The annual cost of fertilizing, pruning, and maintaining the trees should be capitalized as a cost of inventory. In effect, the trees are like work-in-process inventory. Then, when the trees are sold, all of these costs will be expensed as cost of goods sold. This is an example of the matching principle and the point of sale recognition method.

Question 2 (27 marks)Multiple choice (1 mark each)a. 3)

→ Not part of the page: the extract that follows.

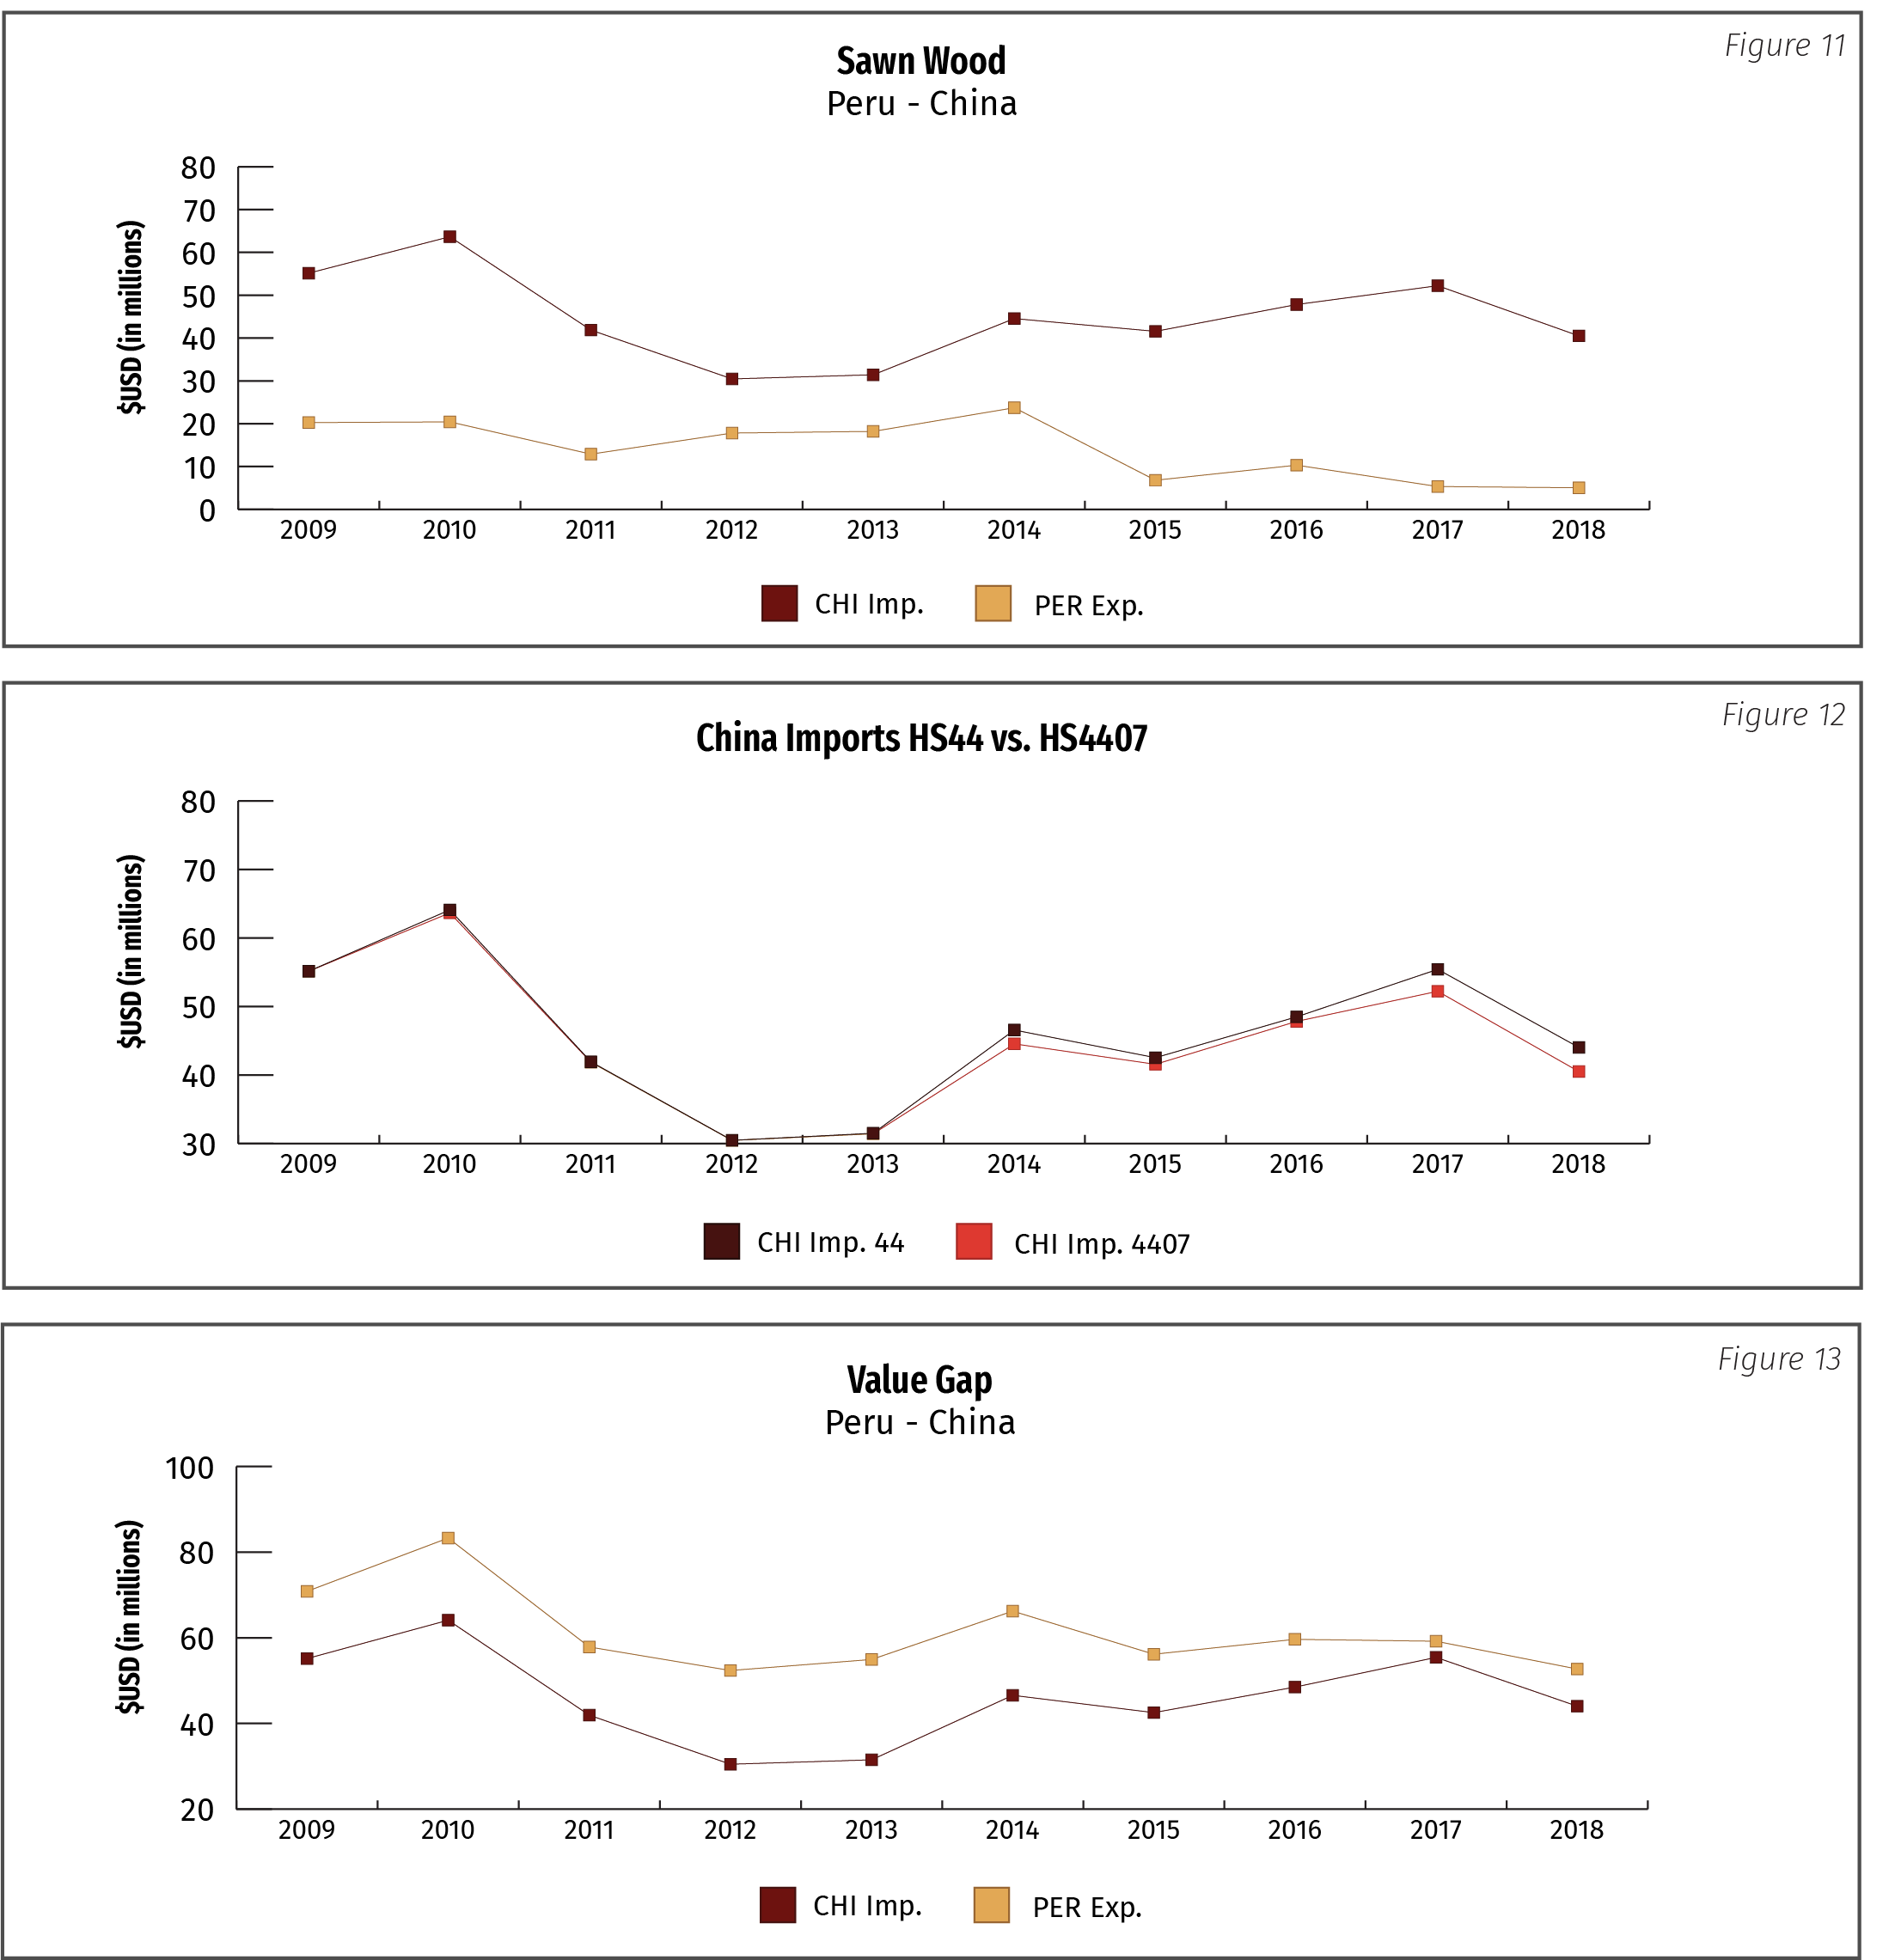 Figure 11: Sawn Wood Peru-China; Figure 12: China Imports HS44 vs HS4407; Figure 13: Value Gap Peru-China

Under the matching principle, costs should be expensed in the same period as the related revenues are recognized.

b. 2)

The percentage-of-completion method of revenue recognition is an example of recognizing revenue as effort is expended, or as the work is done. If a reliable estimate of the percentage of the total work completed in a period can be made, then that proportion of total revenue from the project will be recognized.

c. 3)

If the percentage-of-completion can be reliably estimated, then revenue will be recognized based on the amount of work done. If it is not possible to estimate the stage of completion, then revenue will only be recognized to the extent of costs incurred in the period.

d. 3)

The completion-of-production method of revenue recognition recognizes revenue as soon as production is complete. The other three methods recognize revenue only at date of sale to customer, or later.

e. 1)

Generally, the conditions that are required before revenue can be recognized are that the earnings process is substantially complete and the sales price is measurable and collectible.

f. 4)

The revenue recognition criteria of performance, measurability, and collectibility are generally all met at the time of sale.

g. 2)

Losses are defined as decreases in net assets from activities outside the enterprise’s normal operating activities. Expenses are decreases in net assets from an enterprise’s normal business activities.

h. 2)

Under the matching principle, expenses (cost of efforts) are matched to revenues (accomplishments).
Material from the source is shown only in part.